Sraosa, whose name means "listening" or "harkening", was the messenger god of the Achaemenid Persian empire. He served the supreme god, Ahura Mazda, as part of the latter's personal retinue, the Amesha Spentas. He was well-known as an embodiment of obedience in this capacity. This meant that Sraosa's arch-enemy was one of the seven Daevas (there was one Daeva, sort of a second-in-command evil spirit, for each of the seven Amesha Spentas, who were the second-in-command good spirits), namely Aesma Daeva. The rooster and his crowing were sacred to Sraosa, as was the 17th day of any given month. Probably related to his fondness for roosters was one of his other duties, dispelling the darkness and wiping away the stars at dawn. He also rode around in a chariot pulled by four reddish horses, and was kind of the cleancut, athletic go-getter type.

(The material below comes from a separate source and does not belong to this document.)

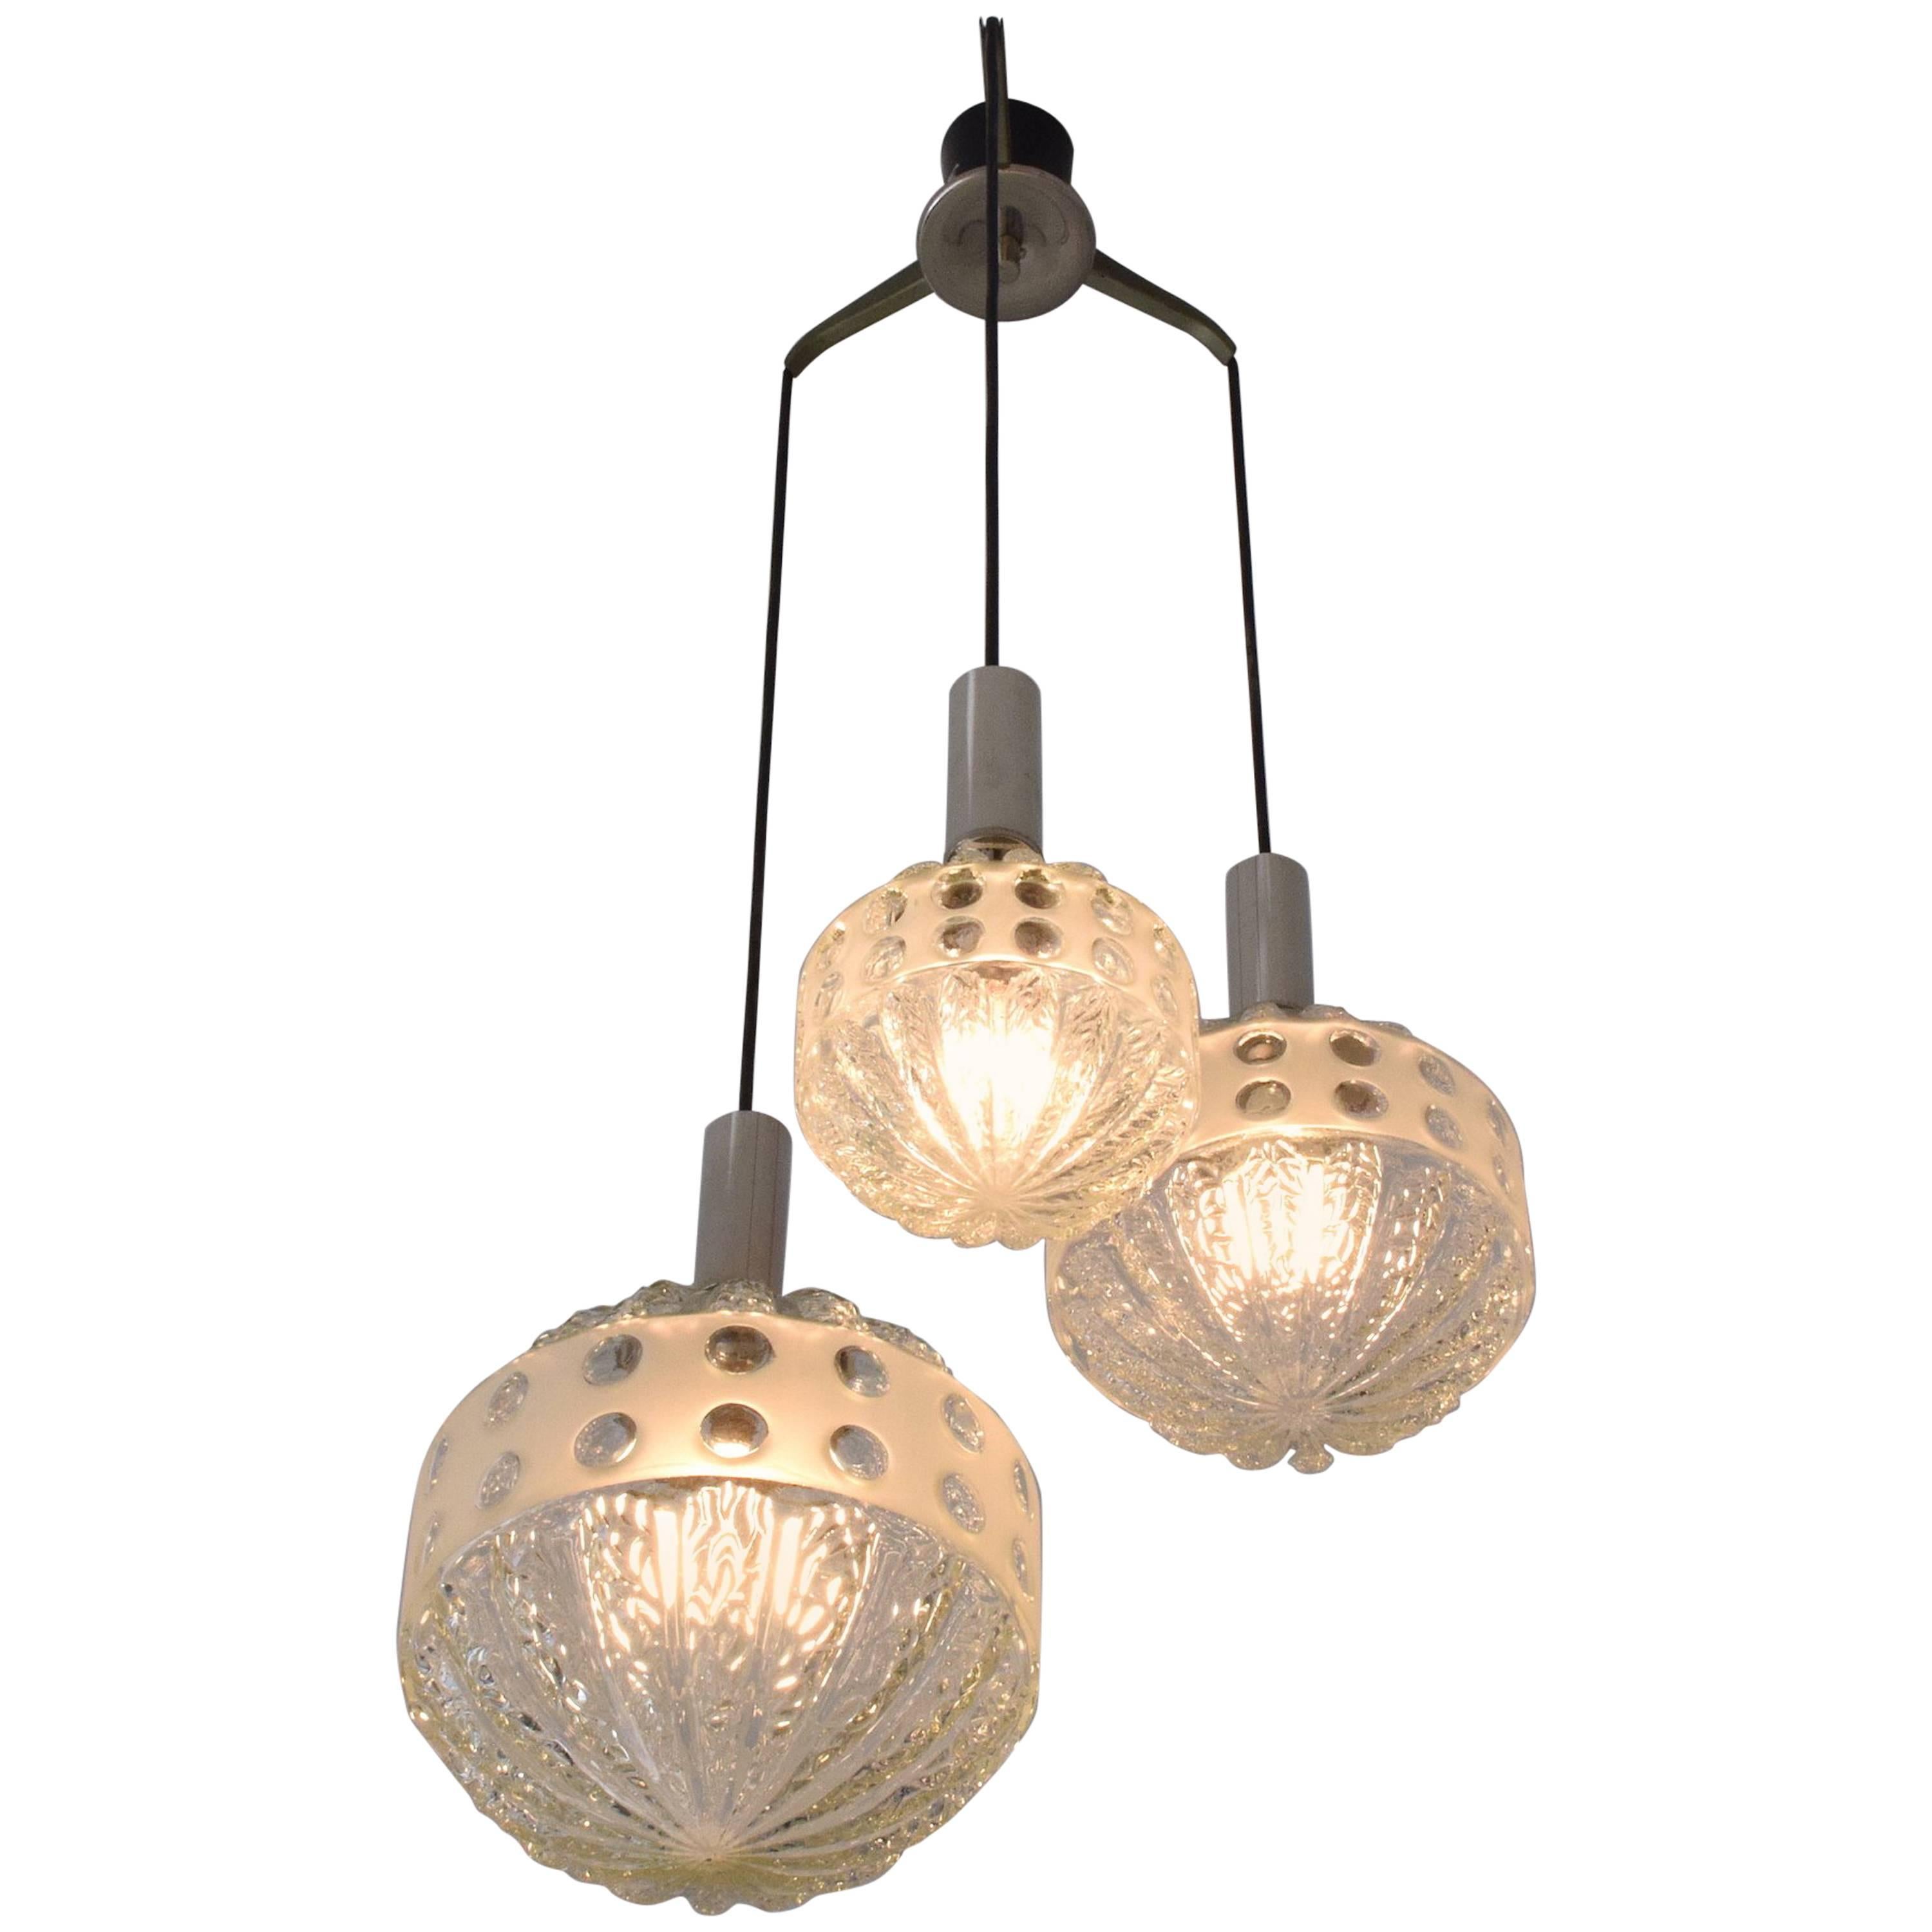 A 20th century French vintage pendant light or chandelier in Cascade style designed with three textured glass globes of various sizes and mounted on a chrome structure.
France, circa 1970s.

One of Sraosa's other duties was to conduct the souls of the dead to the afterlife, in which capacity he was aided by another sky god called Bahram. In this duty as well as his status as a messenger, Sraosa may well have served as a model or influence for the later and better-known Greco-Roman god, Hermes/Mercury. It should, however, be noted that the latter was famous as a trickster and thief, qualities that run directly counter to any spirit of obedience. Sraosa is also occasionally identified with the hero figure Skanda from Hindu mythology.